When older generations talk about the late ’60s and ’70s, they often describe them as simpler, almost idyllic times. From bold fashion to roller skates, they seemed to have it all—but most will argue that the best part was the music. Cheap concert tickets made it even better. Back then, people could simply show up at the box office the day of a show and walk away with seats, something nearly unthinkable today. While box offices still exist, they’re usually a last hope rather than a first option, and most people leave empty-handed. The best-case scenario is managing to find an open box office; the worst is waiting in line for nothing. Even when tickets are available, success depends heavily on the artist’s popularity. For smaller artists, it’s possible; for bigger ones, it often means camping out overnight—only to still leave without tickets. The risk of buying tickets at the box office is higher than it once was, and so are the prices. 

The best chance of getting tickets today is through online ticketing sites, which often have multiple fees. Despite the ease of buying tickets from the comfort of your own home, the joy is immediately taken away once you see the additional $80 service fee added to your total ticket price. Those who wanted to see bigger artists in the ’60s and ’70s weren’t paying nearly as much as the service fees or taxes added to tickets today. A Jackson Five ticket in 1971 cost a maximum $6, which is about $48.12 today. For a household name, that price is unimaginable now.

Bread Concert Crowd Shot
Bread performing at the Hampton Coliseum

So why does it feel like concert tickets keep getting more expensive? A major factor is how today’s artists are perceived in an age of constant access.While statistics may lead people today to believe that their favorite artists are known more worldwide than those from the past who are considered household names, access to music today versus in the 60s and 70s plays a huge role. The ability to discover new music today is incomparable to past decades. Listeners no longer need to buy a CD, record, or cassette. Everything is instantly accessible through apps. The price of a full-album vinyl record in the 1960s was an average of $0.99, which is way cheaper than the $20 or $30+ we see today for the same thing. While that may have been worth it then, today that .99 cents is worth around $11, which is the average price of a music streaming service. With that, you’re not just getting a single album; you’re getting thousands that you can listen to whenever, as long as the bill is paid. Even those who don’t want to pay for music have more access to music than in the past, thanks to free versions of music streaming apps. While that may explain the higher ticket sales and streaming numbers, it doesn’t fully explain the dramatic increase in concert length.

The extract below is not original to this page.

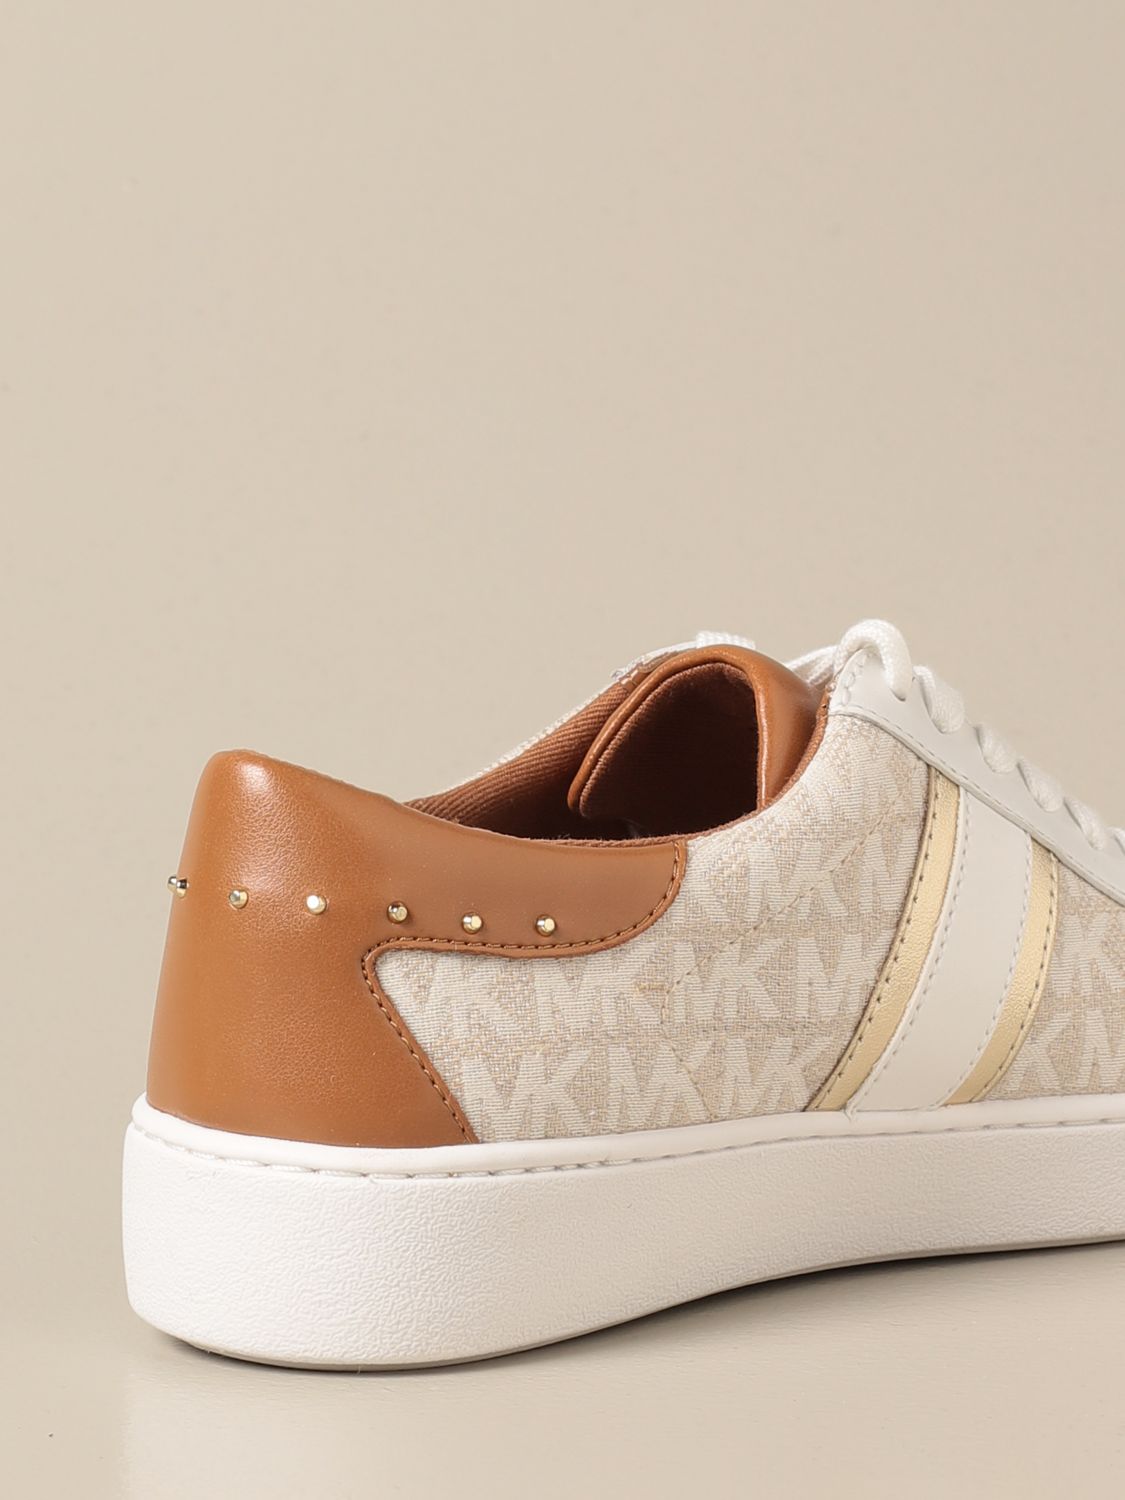 5 Best Michael Kors Wedge Sneakers and Trainers for Women  Michael kors  wedge sneakers Michael kors sneakers Michael kors shoes sneakers

Most concerts today average about 1.5 hours, but top artists like Beyoncé and Taylor Swift regularly perform for three. Some credit this to their long careers and to the desire to give fans something meaningful in return for decades of support. Many artists also want to build immersive, conceptual shows that serve as the final expression of an album, and Beyoncé’s Cowboy Carter tour is a perfect example. A few moments from the show stuck with me, especially as a history major. The visual narrative was immersive, though I know some struggled with the aesthetic she embraced. From the beginning, it was clear that Beyoncé intended to reclaim country music—a genre pioneered by Black artists yet one that often excludes them today. With that came the American flags and bald eagles commonly associated with the genre, which lost a few people. Then she performed the “Star-Spangled Banner,” a moment that ruffled feathers even further. What many didn’t realize was that she sang Jimi Hendrix’s 1969 Woodstock rendition, widely viewed as an anti-war statement during the Vietnam era. Beyoncé’s version sounded haunted and eerie, shifting the atmosphere entirely. After she finished, she walked offstage as a message appeared on the screen: “Never ask permission for something that already belongs to you.” That sentiment encapsulated the album’s entire theme of reclamation. Moments like these, paired with nearly hour-long albums, openers, interludes, and songs from past projects, naturally stretch today’s biggest shows to three hours. Advancements in technology also keep audiences entertained during breaks through cinematic interludes, eliminating the downtime that once shortened shows. All of these elements—longer sets, elaborate visuals, and high-tech production—make modern concerts far more expensive to produce, a cost that inevitably gets passed on to fans in the form of higher ticket prices.

The Searchers Fan Poster
Fans holding up signs at The Searchers concert

Today, concert culture is different in many ways from what it was in the late ’60s and ’70s. While we still see super fans who are willing to travel great distances to see their favorite artists, the number of shows people are eager to travel to see is extreme. In the past, it wasn’t unusual for people to hop on a train or go on a road trip to see their favorite band at a music festival. In modern times, it’s quite similar to people catching flights to see their favorite artists perform, sometimes in multiple cities. Because artists now do fewer tour stops and concentrate on performances in major cities, many fans turn concert trips into mini-vacations. Many fans have admitted to choosing a tour date in a city with more to do rather than attend a concert closer to home. The reason being, if they’re going to travel to see the show anyway, why not go somewhere they’ve always wanted to visit? 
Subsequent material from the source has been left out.